Section 3.08. Lost Certificates. If any Certificate shall have been lost, stolen or destroyed, upon the making of an affidavit of that fact by the Person claiming such Certificate to be lost, stolen or destroyed and, if required by the Surviving Corporation, the posting by such Person of a bond, in such reasonable amount as the Surviving Corporation may direct, as indemnity against any claim that may be made against it with respect to such Certificate, Parent shall pay, in exchange for such lost, stolen or destroyed Certificate, the applicable Final Merger Consideration to be paid in respect of the Shares represented by such Certificate in accordance with Section 3.02.
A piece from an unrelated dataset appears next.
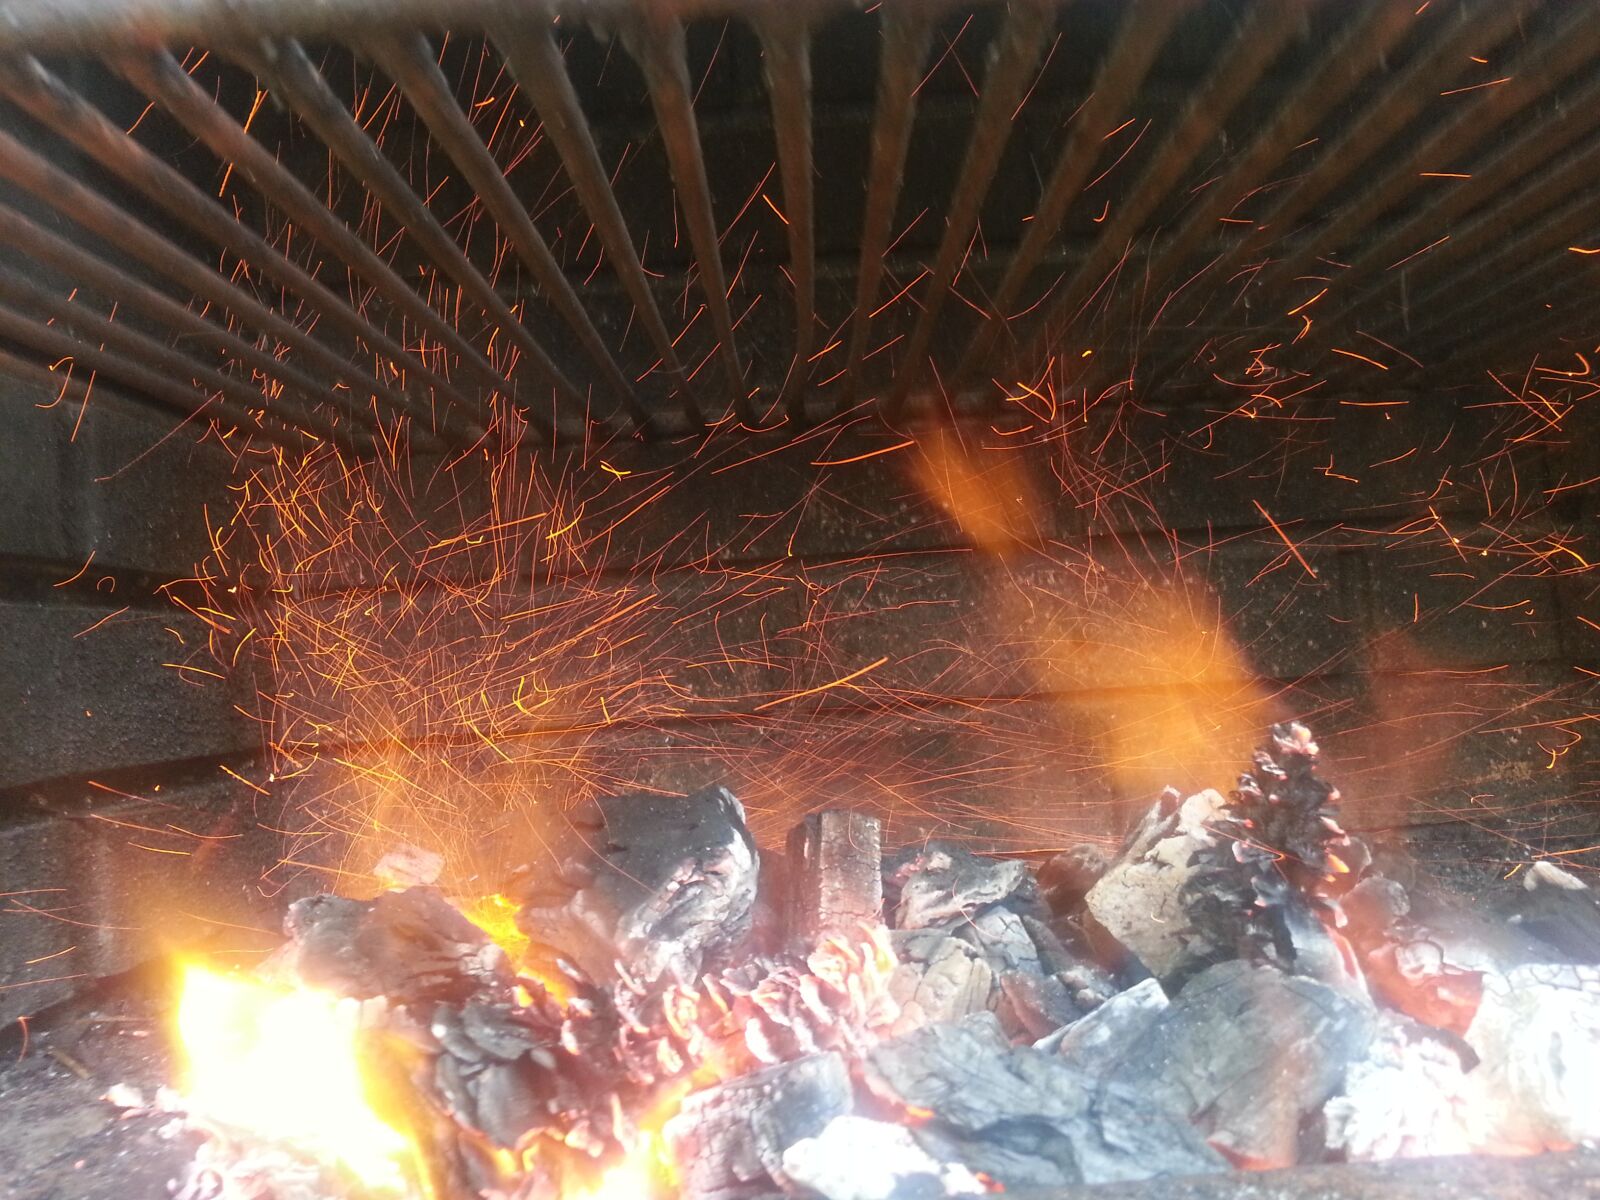 Samsung Galaxy S3 sample photo. Grill, barbecue, fire photography

Section 3.09. Closing; Revisions to Determination Date. (a) Subject to Section 3.09(b), the Closing of the transactions contemplated by this Agreement (the “Closing”) shall take place at the offices of Xxxxxxxx & Worcester LLP, Xxx Xxxx Xxxxxx Xxxxxx, Xxxxxx, XX, at 10:00 a.m., local time, on the fifth business day after the day on which each of the conditions set forth in Article 8 hereof are satisfied, or waived by each of the parties entitled to the benefits of such condition, or at such other date, time and place as Parent and Company shall agree.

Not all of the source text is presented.